**SUPPLIED INFORMATION**
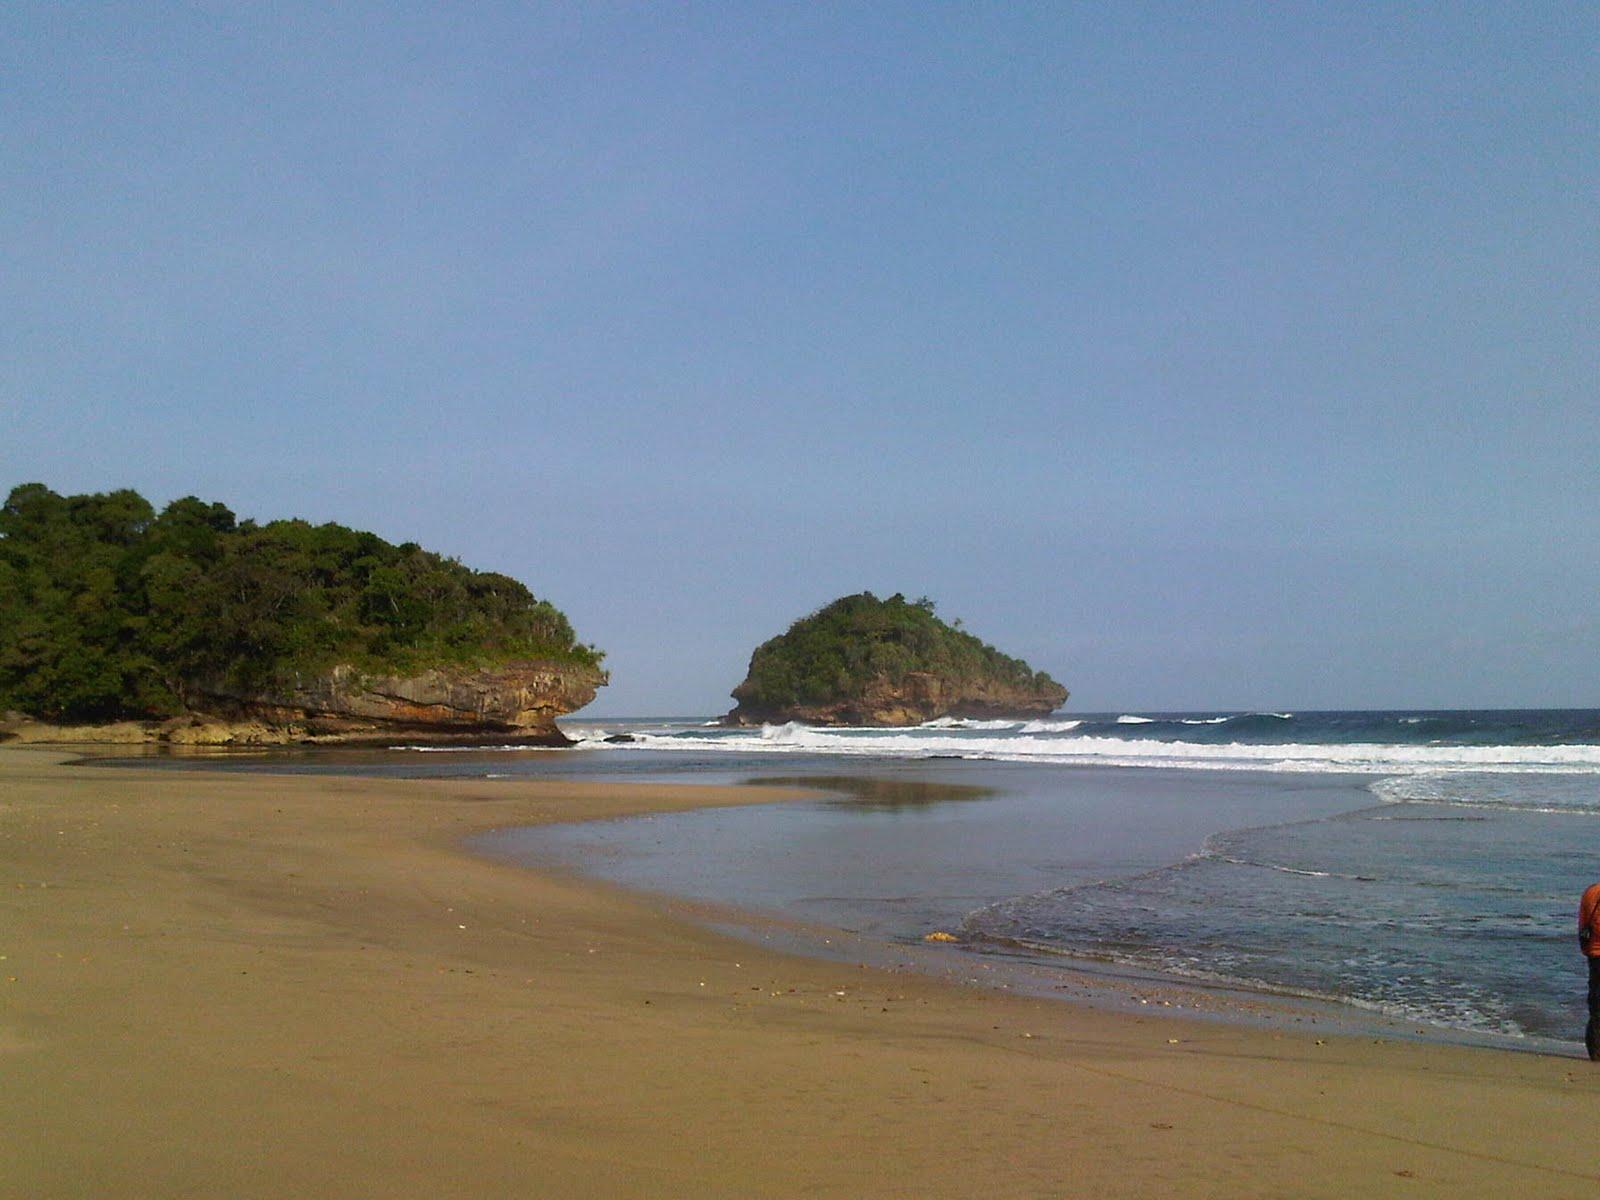 Objek Wisata Pantai Jonggring Saloko Www Picao123 Kondang Iwak Kab
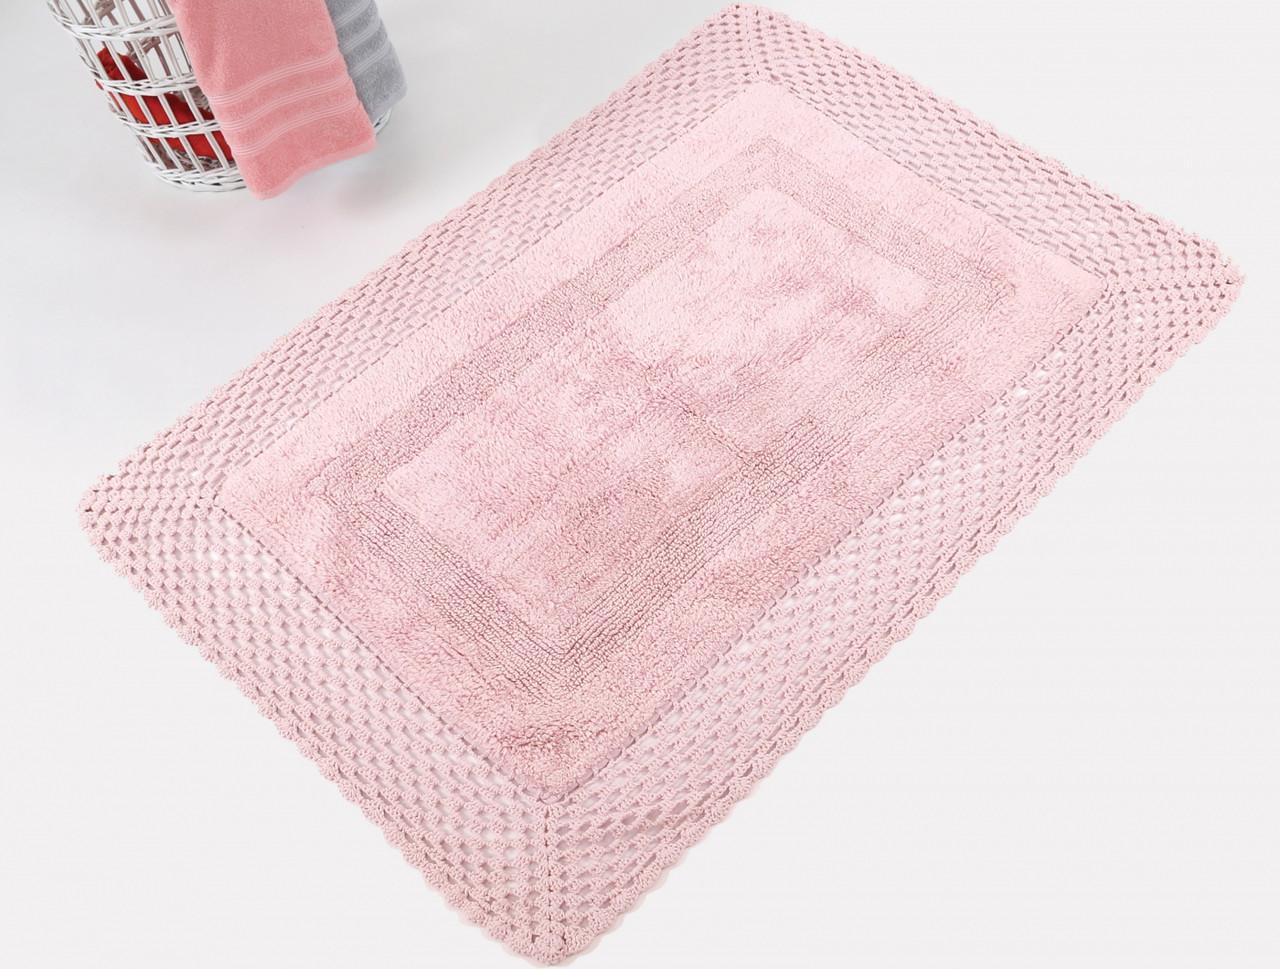 Коврик Irya - Lizz pembe розовый 55*72
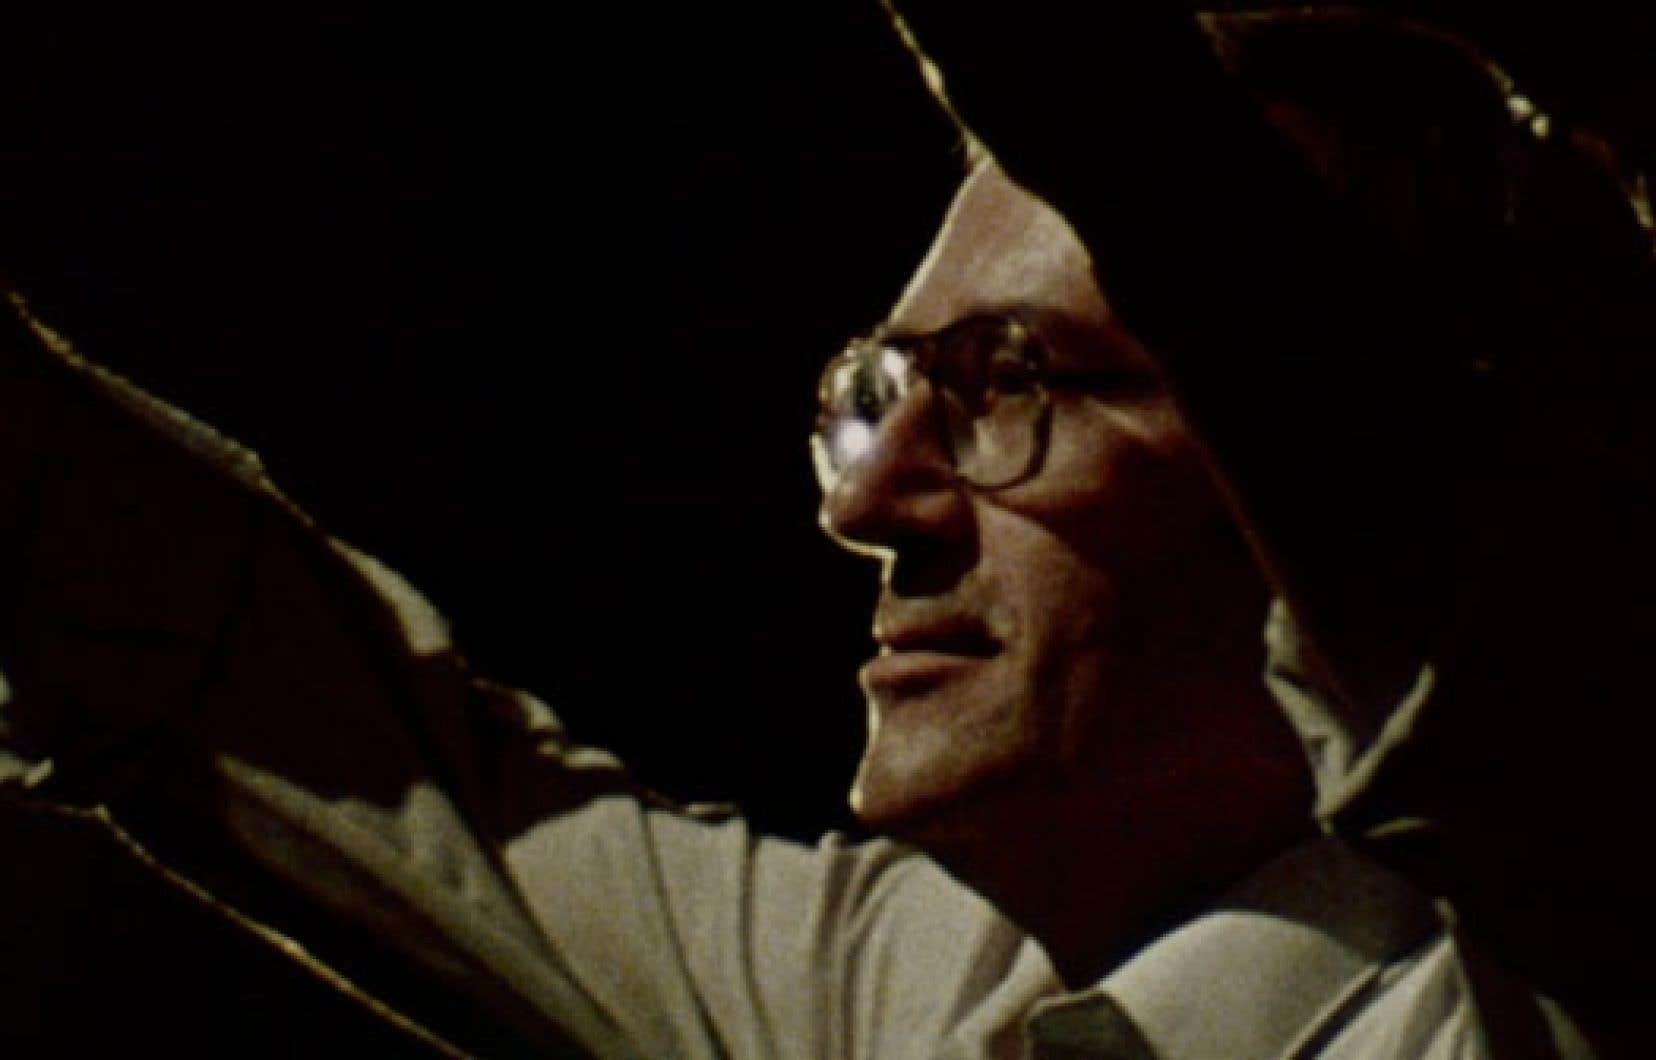 Le film, jeux musicaux compris, n'est constitué que de documents d'archives, certains inédits, de l'Office national du film ou d'ailleurs.

**WORK INSTRUCTION**
The listing above is to be set down word for word, without its images.

**EXERCISE SOLUTION**
 Objek Wisata Pantai Jonggring Saloko Www Picao123 Kondang Iwak Kab
 Коврик Irya - Lizz pembe розовый 55*72
 Le film, jeux musicaux compris, n'est constitué que de documents d'archives, certains inédits, de l'Office national du film ou d'ailleurs.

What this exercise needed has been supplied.